Trade unions have voted at their annual congress to call on the Labour party to shift its stance on universal credit and promise to scrap the controversial benefit system.
The annual TUC Congress approved a motion last week that had already been passed by disabled trade unionists at May’s TUC Disabled Workers’ Conference.
The motion called on TUC’s general council to tell the next Labour government to “stop and scrap” universal credit and carry out “far-reaching social security reform that truly makes work pay” and protects those unable to work.
Labour’s policy is currently to simply “pause and fix” universal credit rather than scrapping it.
The motion said universal credit – which combines six benefits into one – was a “draconian” system that had left many people in “debt, eviction and hunger”.
It pointed out that workers could – for the first time – face “savage sanctions for not demonstrating that they are seeking to improve their paid income”, while “part-time workers could be forced to leave work that suits their disability or family life for a worse paid, full-time job”.
Dave Allan, chair of the national disabled members’ committee of Unite the Union, proposed the motion on behalf of the TUC disabled workers’ committee, and it was seconded by Mandy Hudson, of the National Education Union.
Allan (pictured, proposing the motion) told delegates that the disabled workers’ committee had worked tirelessly to warn of the impact of universal credit and its roll-out, which he said would “fall like a hammer blow upon seven million households – including one million low-paid workers”.
He said there had been an “utter lack of support” for disabled claimants, while the “cruel programme of sanctions” was “landing on claimants like a series of bureaucratic punishment beatings”.
Allan said the “misery” and “destruction” caused by universal credit was no accident.
He said: “This is the cold, calculated and systematic impoverishment of disabled people.

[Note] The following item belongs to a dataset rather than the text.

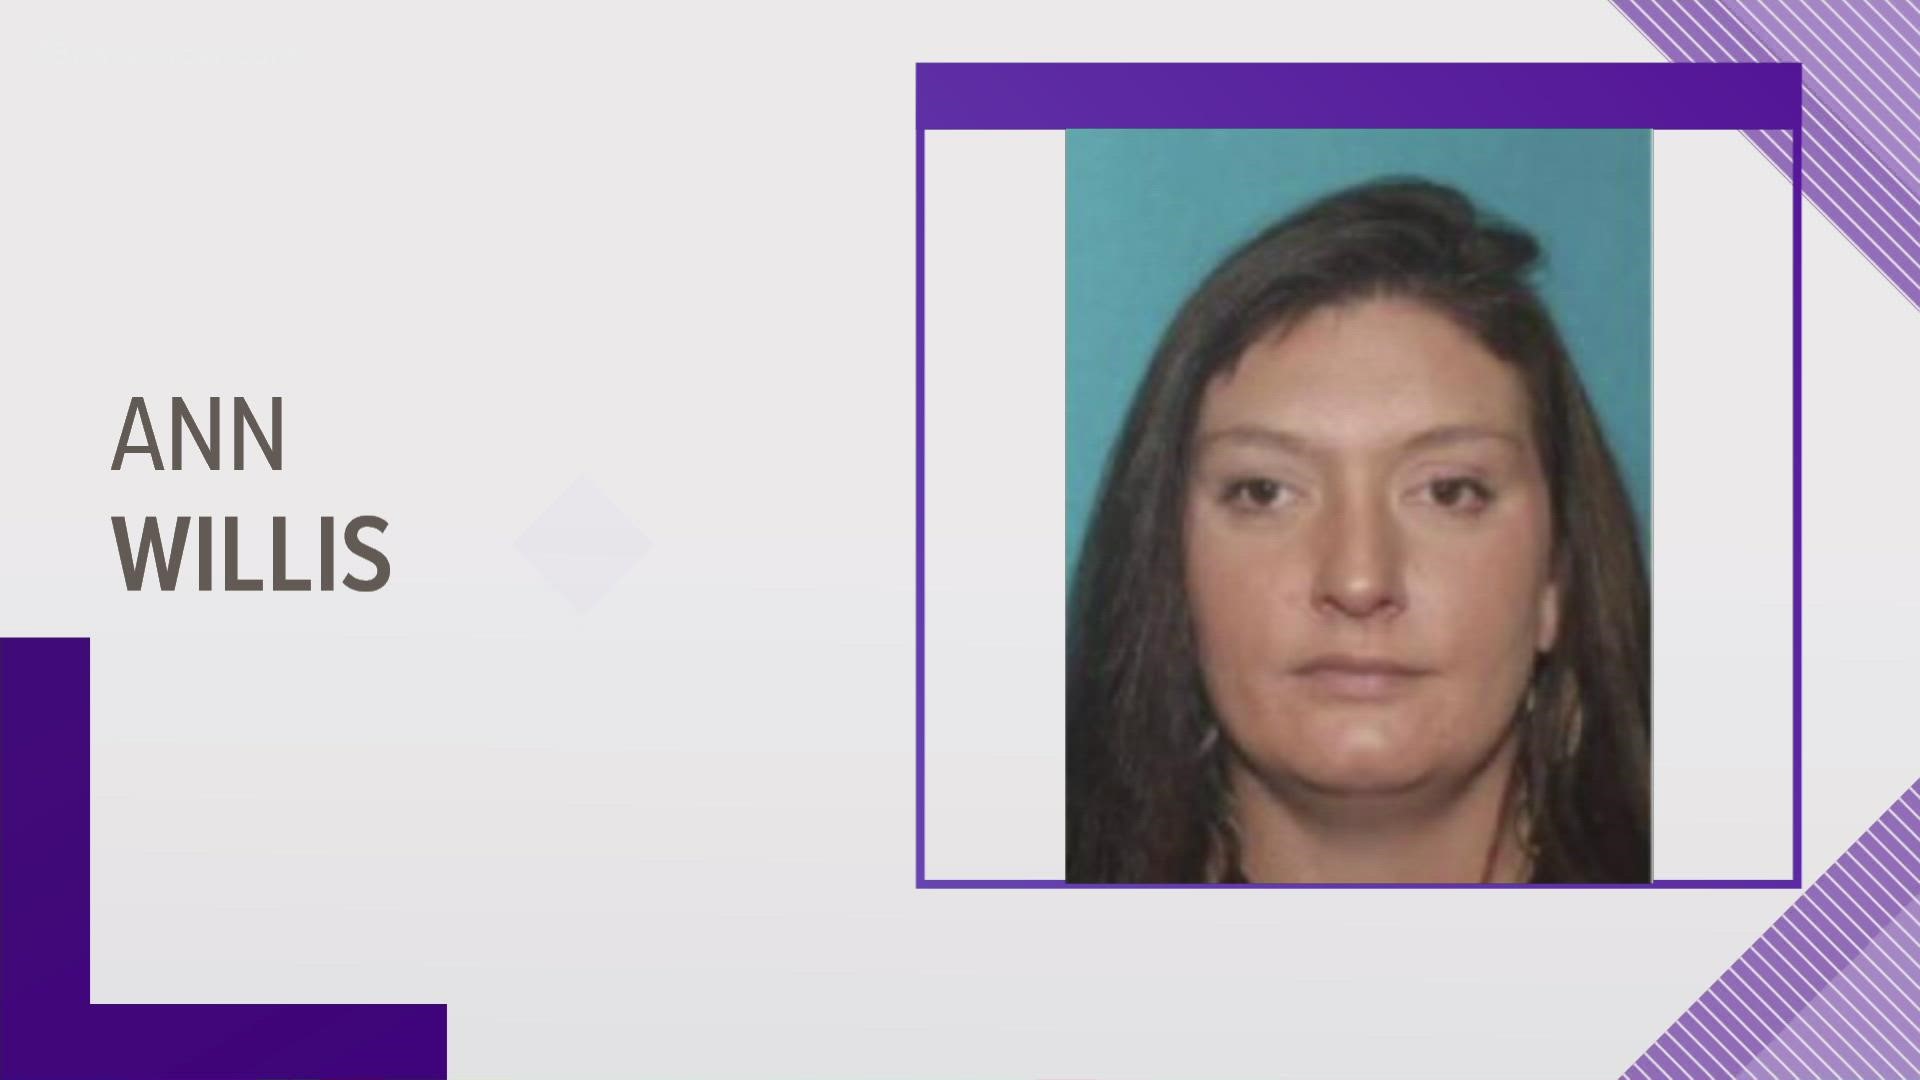 The Carteret County Sheriff's Office said the last time Ann Mare Willis had any contact with her family was on July 1, 2021.
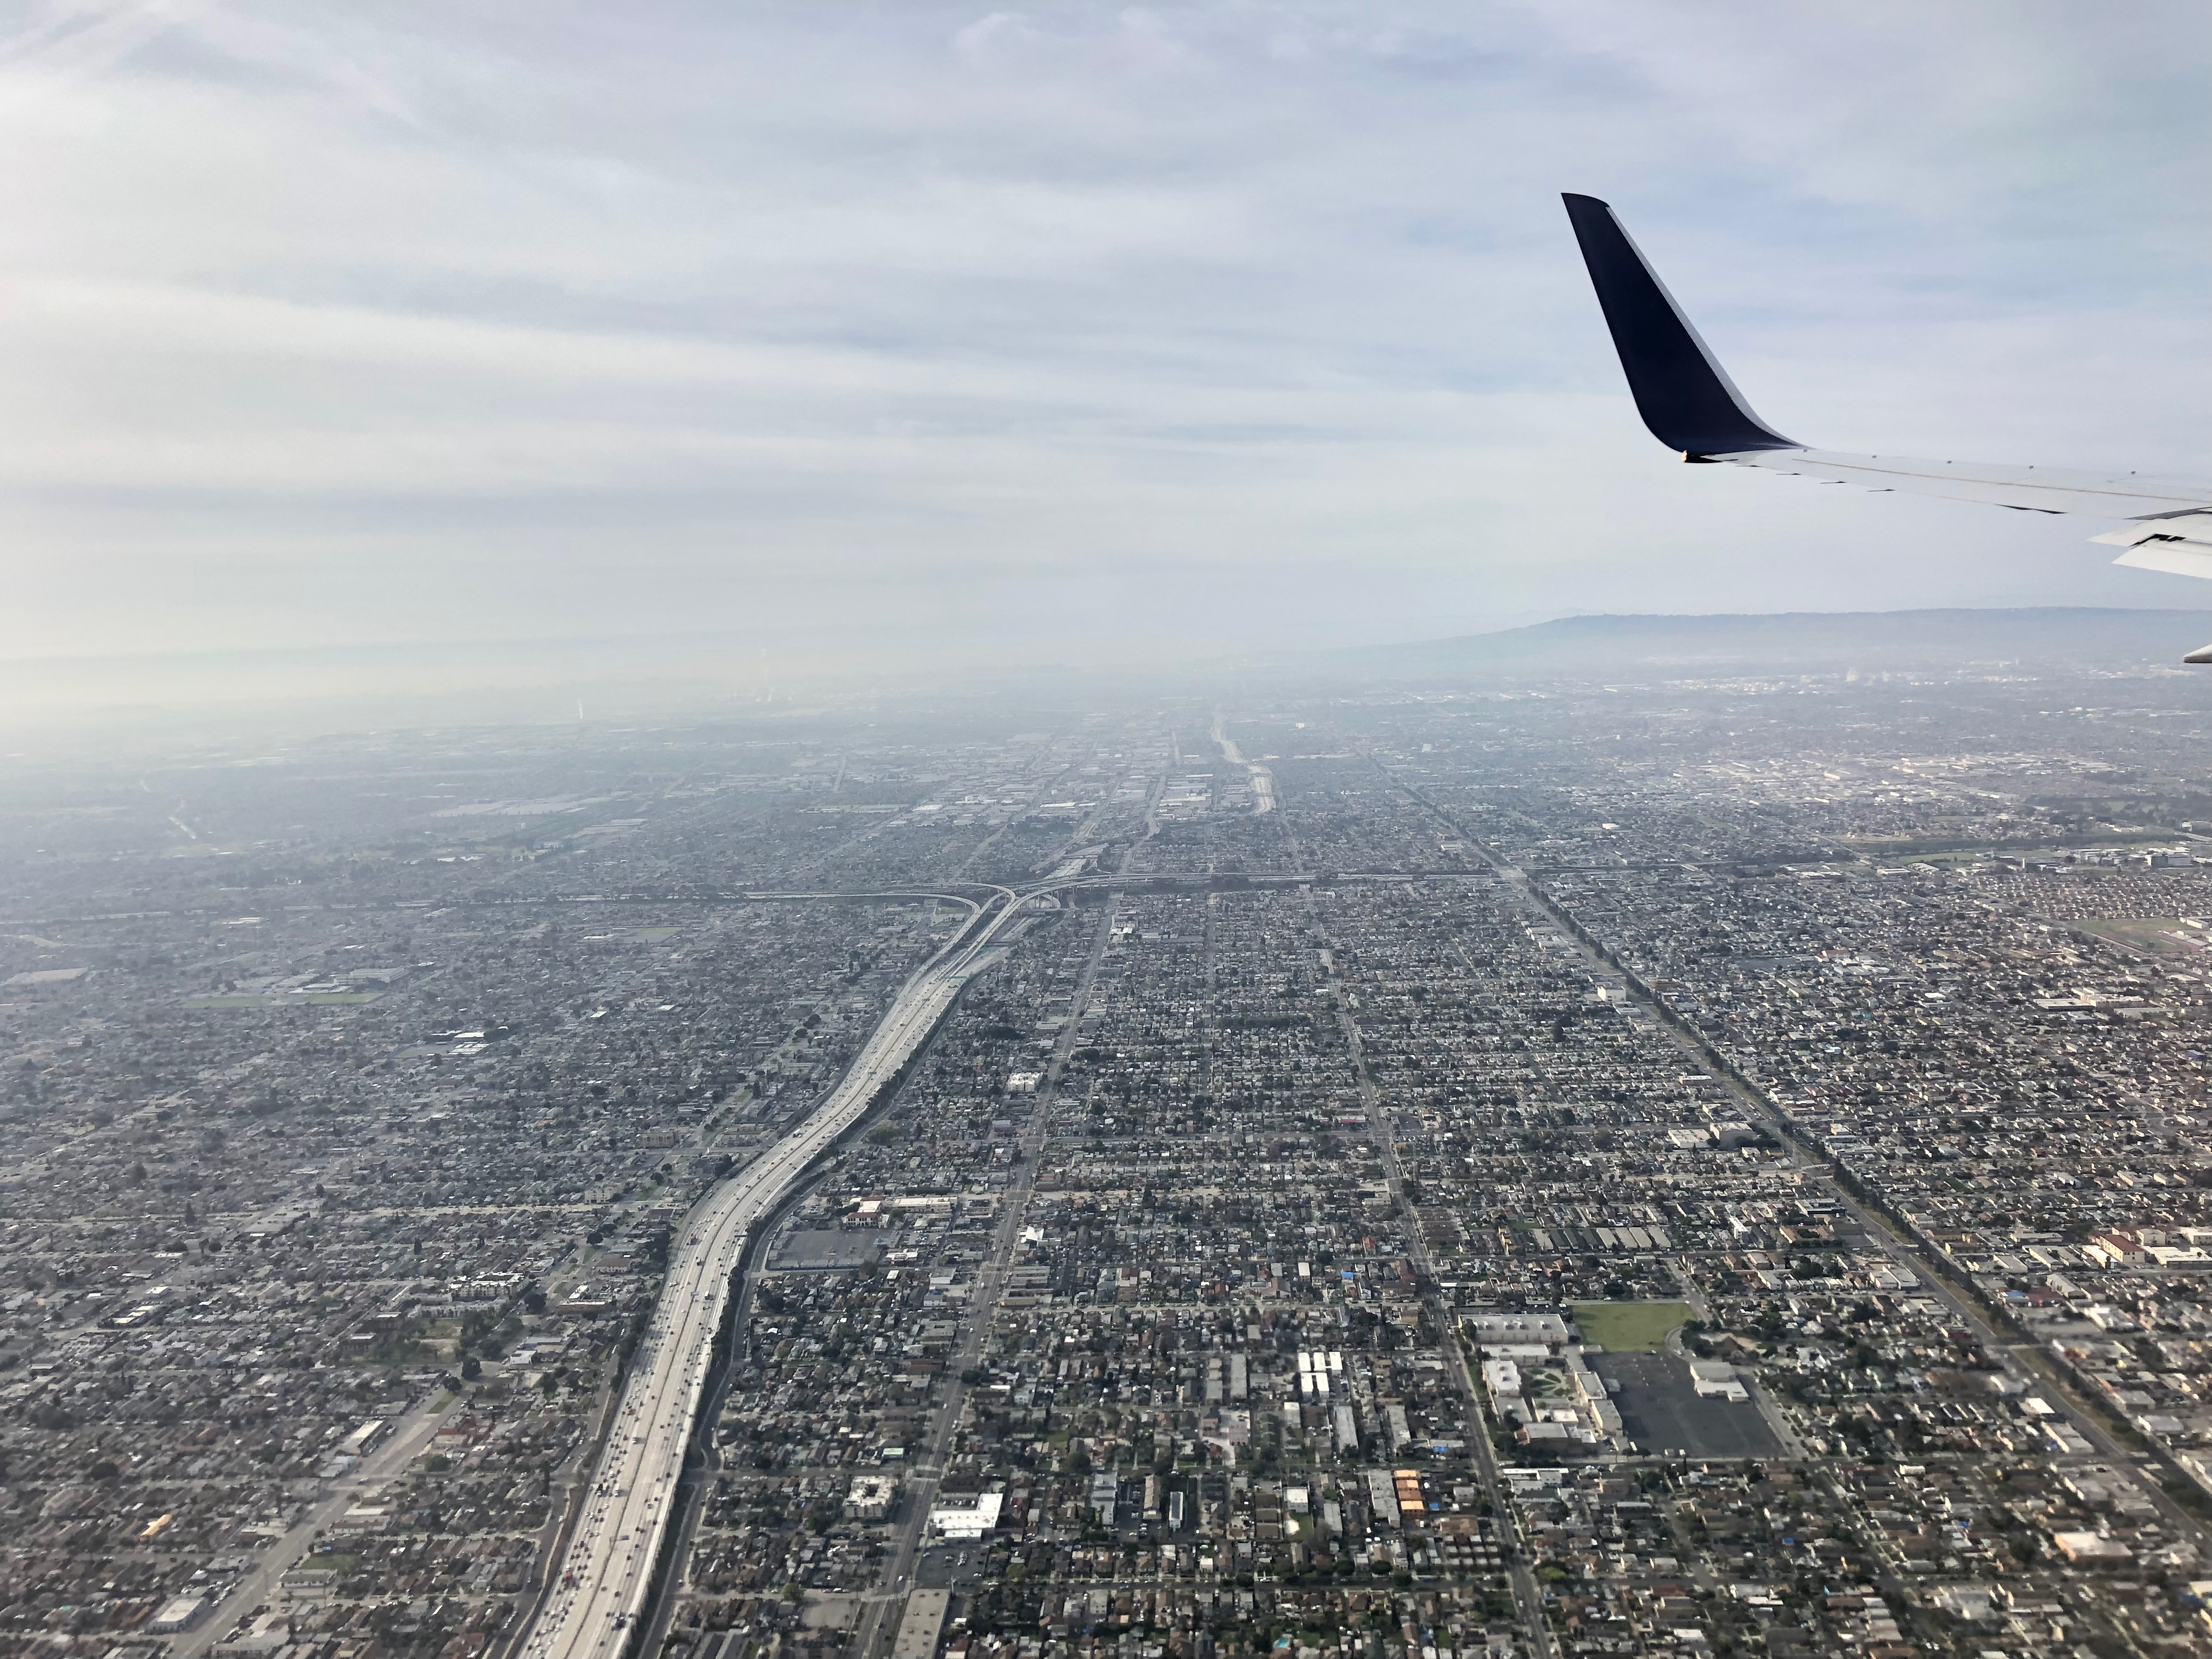 View of Los Angeles from the air train

This is malice by design.”
He added: “A pause of the roll-out will not do. We are not just calling on the government to simply ‘think again’.
“We are calling for the immediate, unconditional and total ban on universal credit.”
Allan told Disability News Service this week that the TUC vote had been unanimous and that the next step was to persuade the Labour party to commit to scrapping universal credit and include that pledge in its manifesto for the next general election.
TUC general secretary Frances O’Grady added: “All politicians need to look at the disastrous effects universal credit is having around the UK, at how hard disabled people have been hit and how it is pushing people into rent arrears and poverty, leaving them turning to food banks.
“The roll out of universal credit should be stopped, before it continues to inflict more damage.
“And a fundamental rethink is required of the social security system, and how it can deliver a fair and dignified system for everyone.”
A TUC spokesman stressed afterwards that O’Grady was calling for universal credit to be scrapped and not just to “stop and fix” the system.
He said: “The TUC policy is not stop and fix. Our congress endorsed a policy of stop and scrap.
“The immediate priority has to be to stop the rollout, as that is the immediate danger to disabled people.
“But the current universal credit is not fit for purpose and TUC staff will now pursue the direction set by congress by developing policy for a system to succeed it that better meets the needs of disabled people and others who rely on social security.”